2005年07月17日

HINOKIO

招待券をもらったので観てみました。先週公開だったはずなのですが、22日までにほとんどの上映が終わってしまうとのことだったので、慌てて観に行った次第です。
11:45からの回をワーナーで観たのですが、187席あるのに最初から最後まで自分一人しか観客がいませんでした…

肝心の内容ですが、これが良く出来ていました。ロボット(部品にヒノキが使われているからHINOKIO…寒)のCGは走っているシーン以外はほとんど違和感なくうまく合成されていたし、ストーリーそのものも引きこもりの少年を中心に展開するハートウォーミングな話で、純粋に楽しめました。関西テレビが開催した試写会に16人しか来なかったという日経記事もあり(招待券が発送されず処分されたらしい)やはりプロモーション不足でしょうか、非常にもったいない気がします。

母を交通事故で亡くしたサトル(本郷奏多)は、それ以来引きこもりになってしまう。見かねた父親の薫(中村雅敏)は自らが勤める会社で開発したロボットによる代理登校させる。概ねクラスメイトには受け入れられるが、悪ガキトリオのジュン(多部未華子)、丈一(村上雄太)、健太(加藤諒)には手荒いイタズラをされてしまう。
ちなみに健太ってどこかで見た顔だなぁと思いながら観ていたのですが、プロフを見ると「あっぱれさんま大先生」で見ていたことが判明。
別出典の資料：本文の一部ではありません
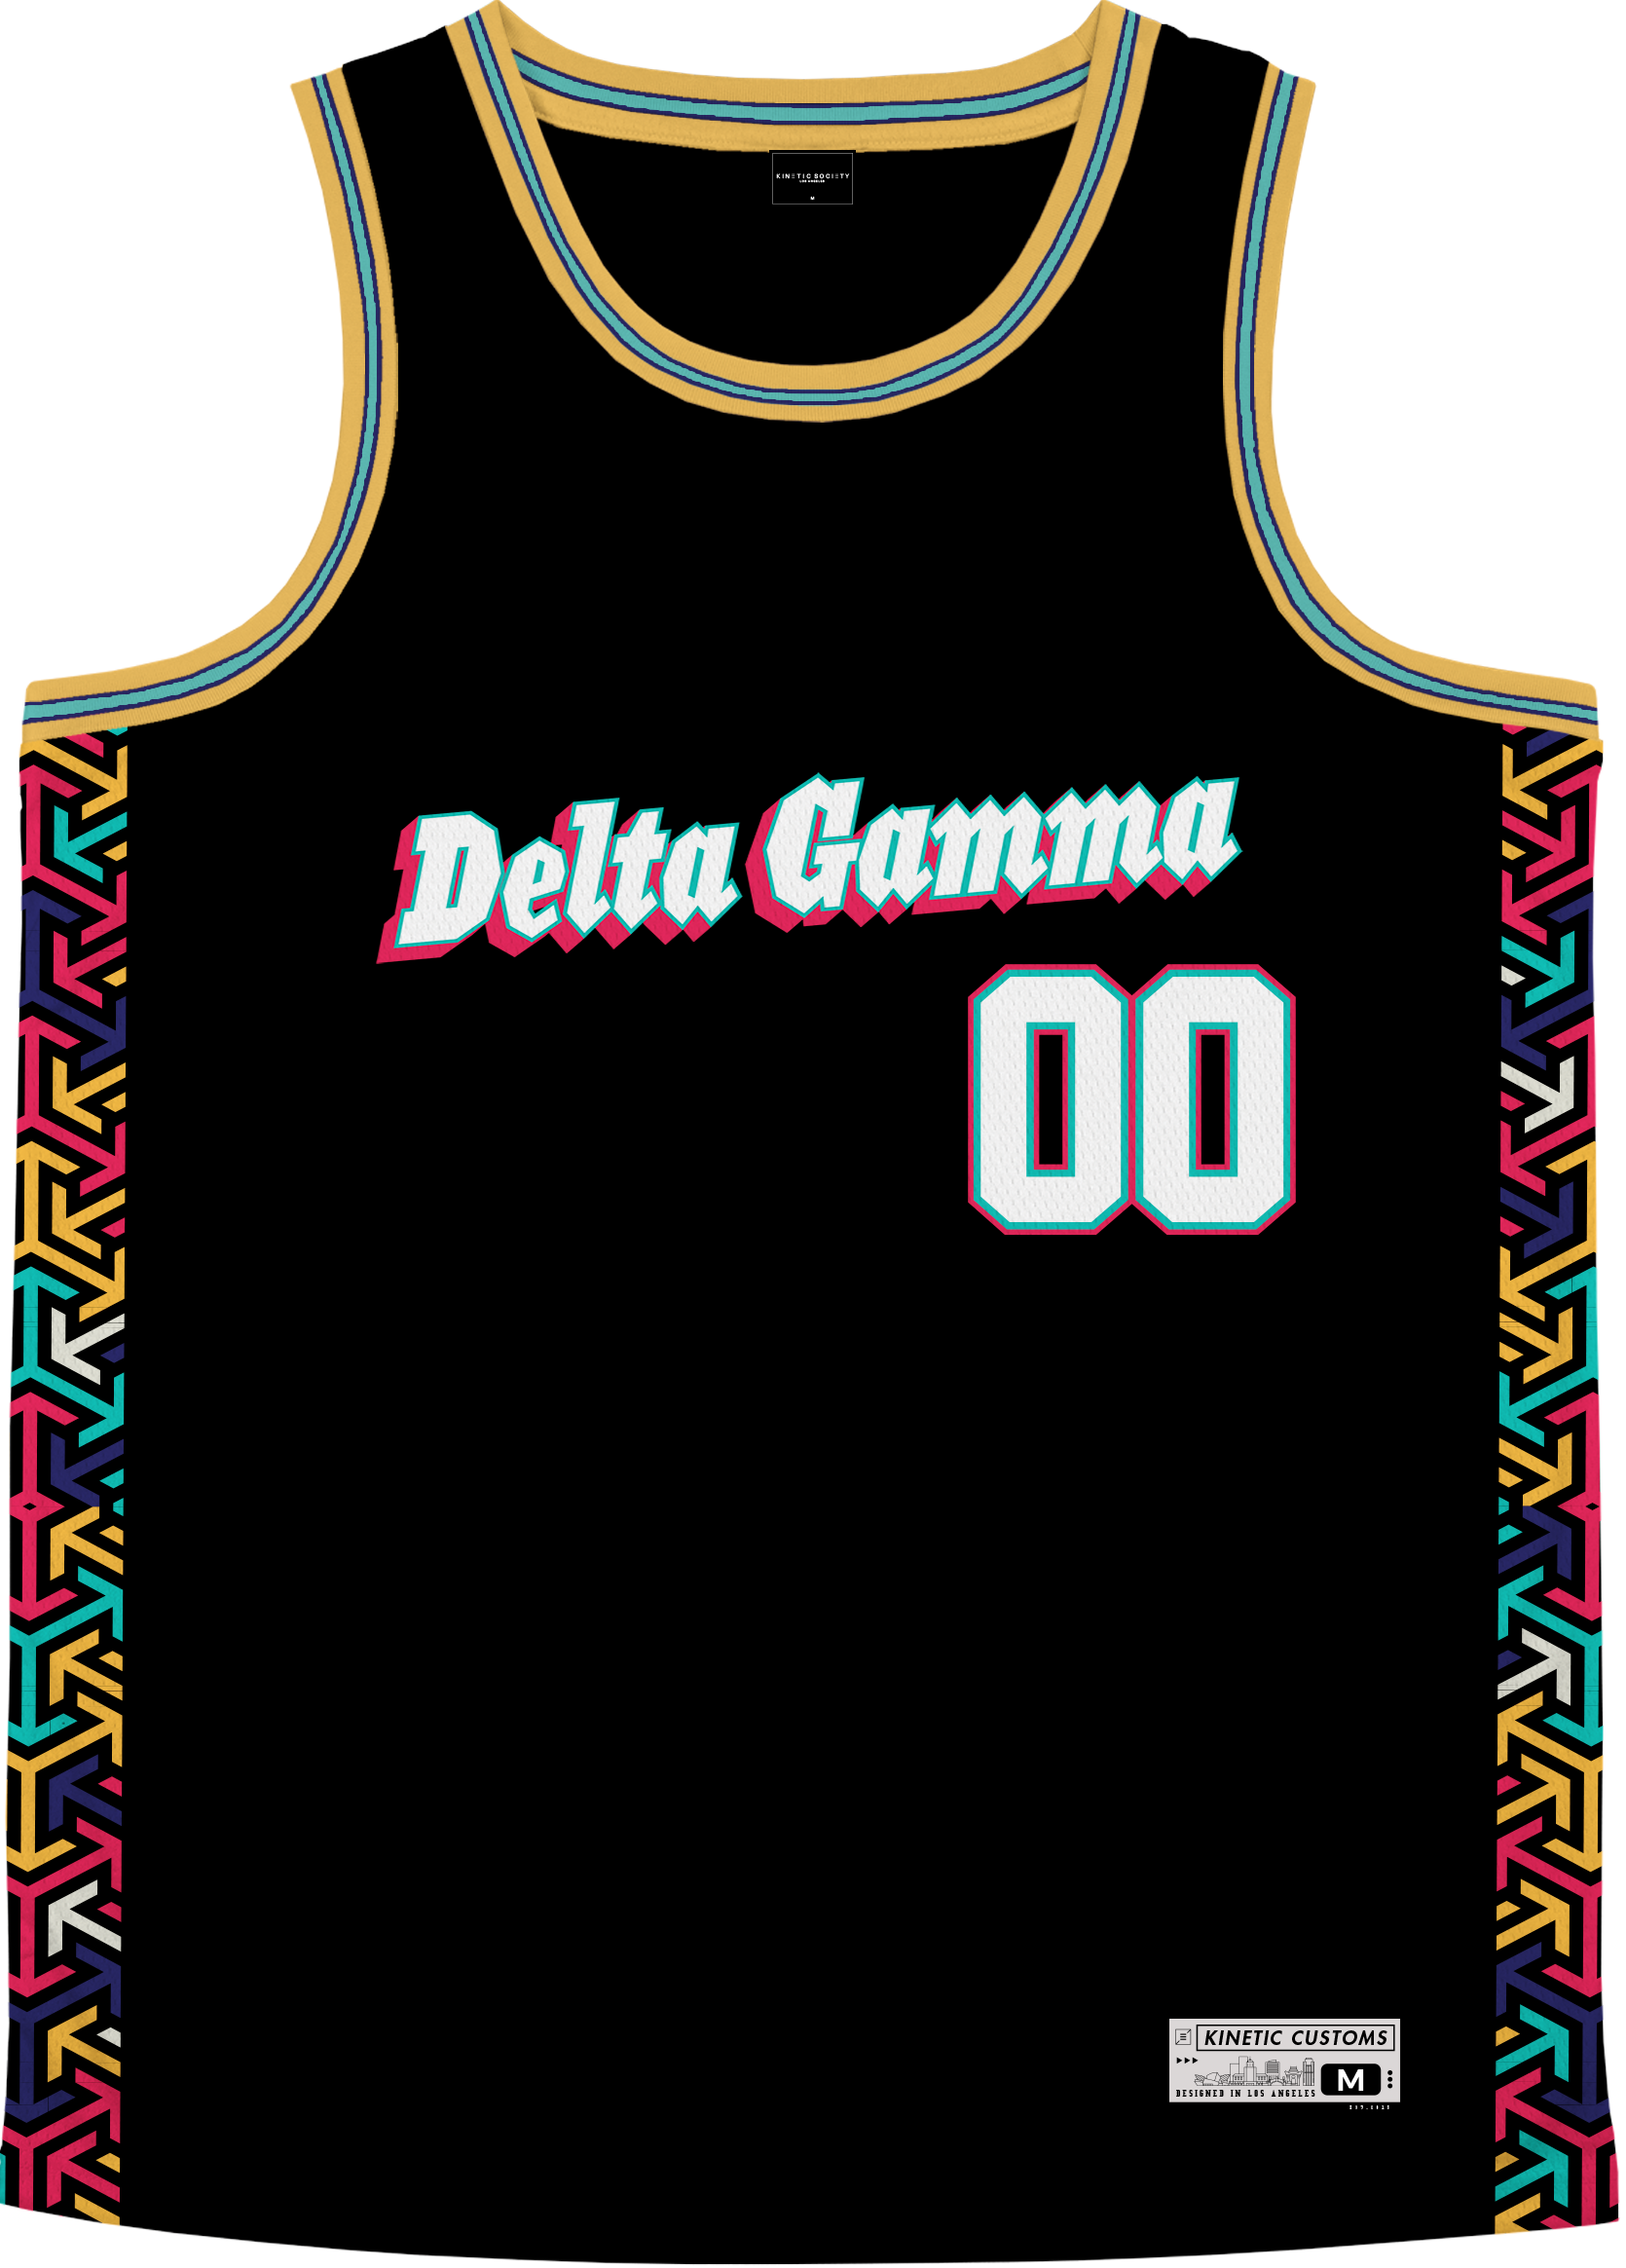 DELTA GAMMA - Cubic Arrows Basketball Jersey
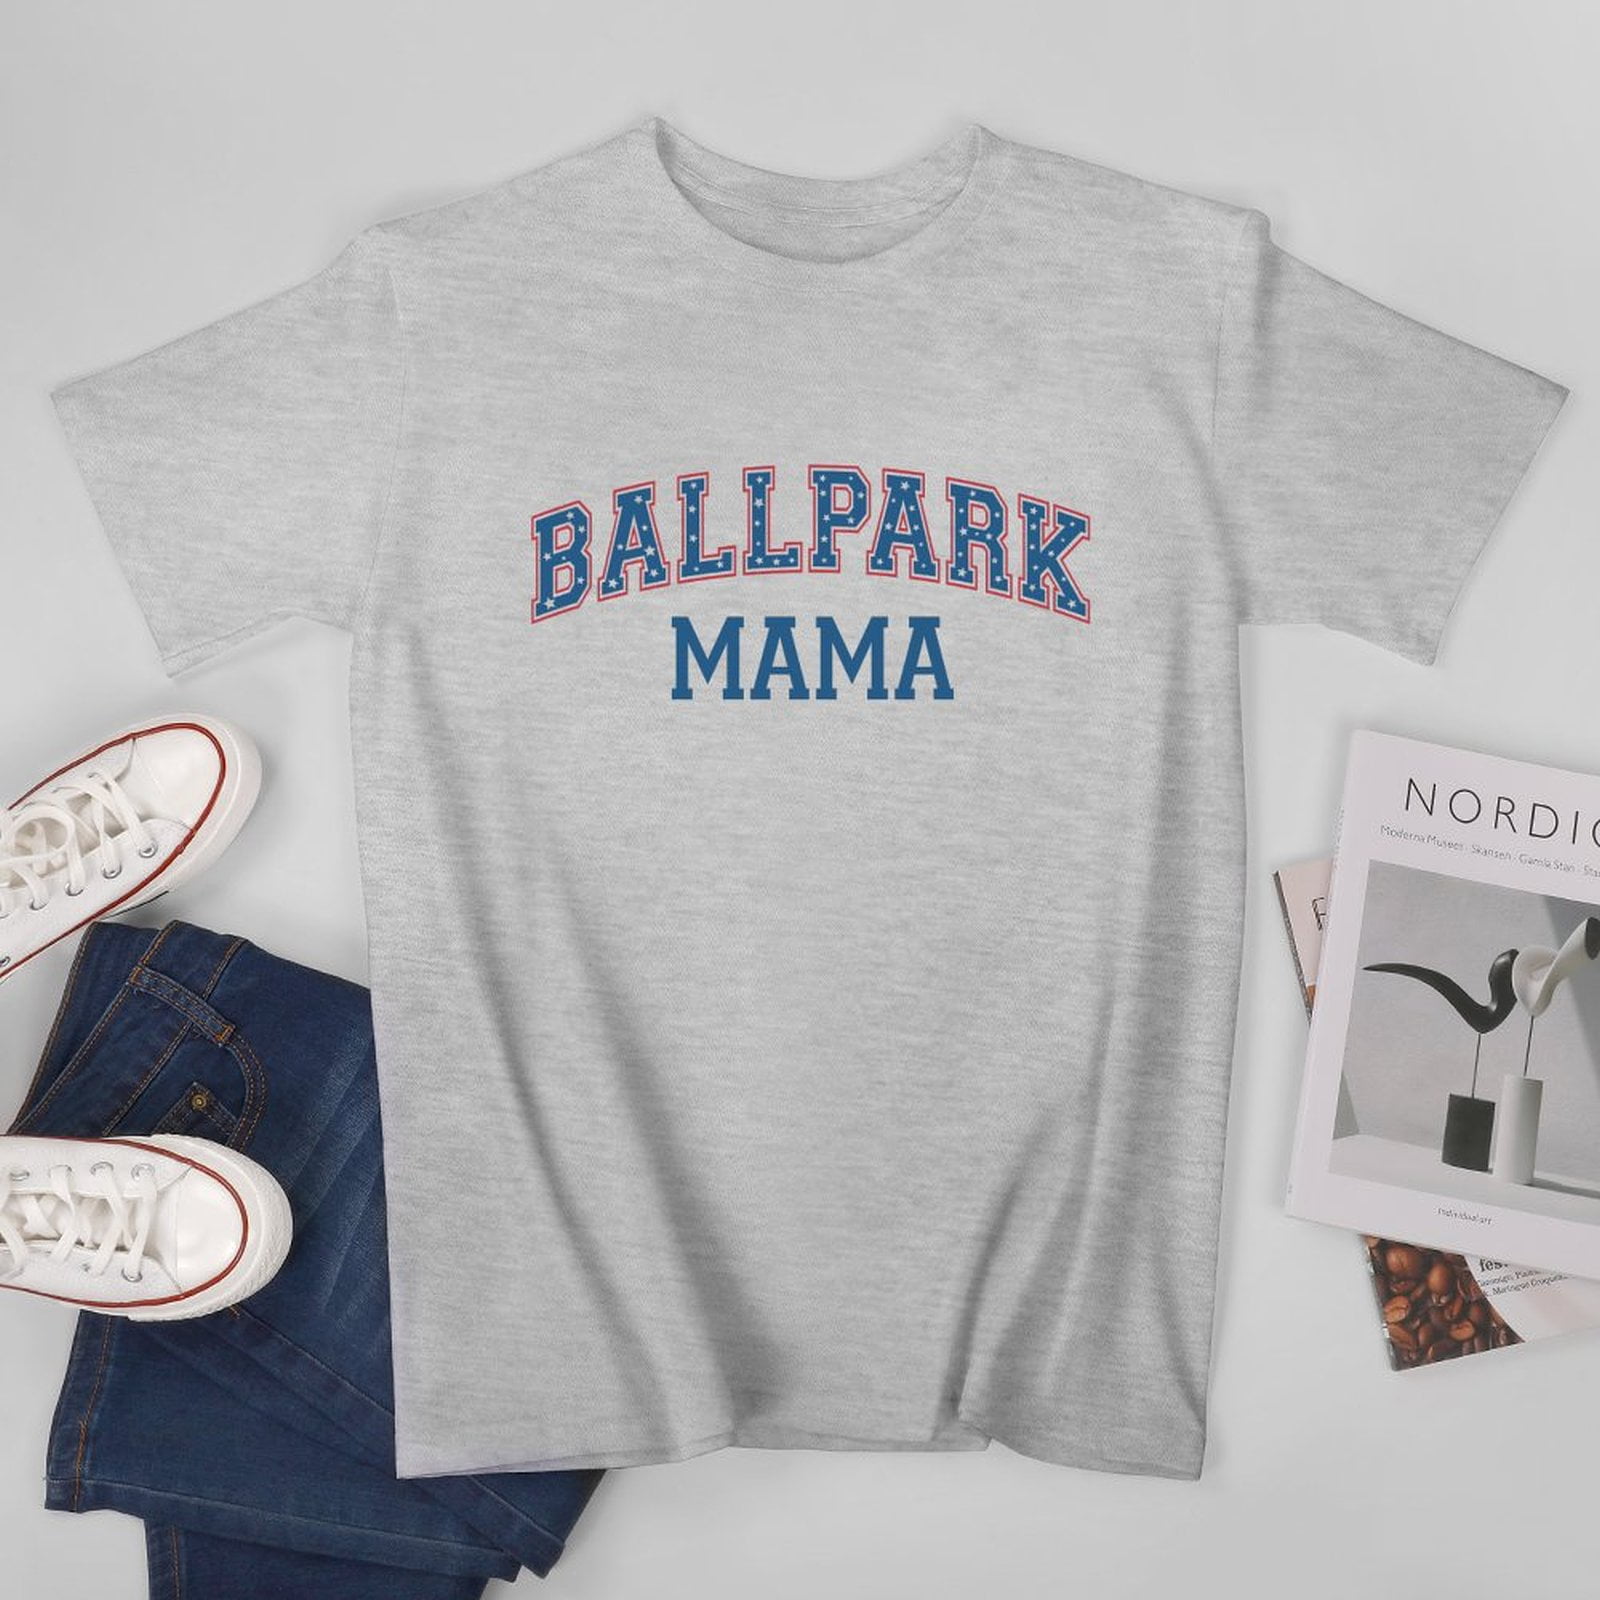 Charlylifestyle Unisex Baseball Ballpark Mama Short Sleeve T-shirt for ...

小さい頃からあの主張ある眉毛だったな、確かに。

唐突に現れるオリジナルのゲーム画面、これも一から作っているようですが、非常に丁寧に(もちろんCGで)作られていました。で、気になったので秋山監督の経歴見ていたら映画「ファイナルファンタジー」のVFX担当だったんですね、納得。
で、このパーガトリー(煉獄)というゲームが現実とリンクしているという設定なのですが、登場人物がFFのキャラぽかったな、思い返せば。

サトルはHINOKIOを通して仲間との交流を持ち、父親にも意思を伝え、少しずつコミュニケーションを図るようになる。当初HINOKIOに好意的だったスミレ(小林涼子)がHINOKIOとジュンの距離が近づくにつれ、HINOKIOを排除しようとする。結局これは最後まで分からなかったのですが、女同士の友情を超えた愛情に近い部分を描きたかったのか?と勝手に想像。

介護用ロボットとして開発されたHINOKIOが、実は軍事用ロボットのプロトタイプだとスミレに告発され、サトルはショックでHINOKIOを電車に飛び込ませてしまう。サトルは自ら感覚フィードバック機能をインストールしていたので、そのせいで脳にダメージを受けてしまう。

サトルを救いたい一心でジュンは、ゲームとリンクしている現実社会からサトルを救うために奔走する。この辺はリアリティというよりはファンタジーの世界でしたが。
結局、ジュンのおかげで一旦死んだはずのサトルは甦り、父を恨んでいると思っていた死んだ母に悟され父と和解する。
このシーンもハリウッドに負けないくらいの迫力があり、かつ実写にうまく馴染んだCGが使われていました。

こういった映画が多くの人の目に触れる前に上映が終了してしまうのは、非常に残念だなと見終えた後に素直に思えました。
posted by yu-go at 08:04| Comment(3) | TrackBack(8) | 映画 | このブログの読者になる | 更新情報をチェックする
この記事へのコメント
対抗馬がSWや宇宙戦争ってのはちょっと分が悪いですね。
いい映画なんですが。

ただ監督がいろんな思いを詰め込みすぎて若干中途半端になったのはおしいかも。
軍事ロボットのこと、釣りそこねた巨大魚のこと、
(ゲームとのリンク性もネトゲへの批判も)

とりあえず22日まではトップにバナーを貼っておく事にします。(宣伝部??)
Posted by Ageha at 2005年07月18日 16:25
TBありがとうございました。
いい作品なのに、観客が少ないのはもったいない。
私が観た時も、150席ほどあるのにたった4人でした。
夏休みに入る前に打ち切られるのではと心配です。
Posted by かばっちょ at 2005年07月19日 01:23
>Agehaさん
確かに消化不良な感はありましたね、あれもこれも見せたいという気持ちは良く分かりましたが。
撮影自体は1年前とのことらしいので、あえてSWや宇宙戦争に当てて公開しなくても良かったような…

>かばっちょさん
今週で今公開している劇場の殆どは終わりで、その先はミニシアター系のみの上映だとか。
夏休み、子供たちにこそ見てほしい映画だけに、もし本当だとしたら残念な話ですね。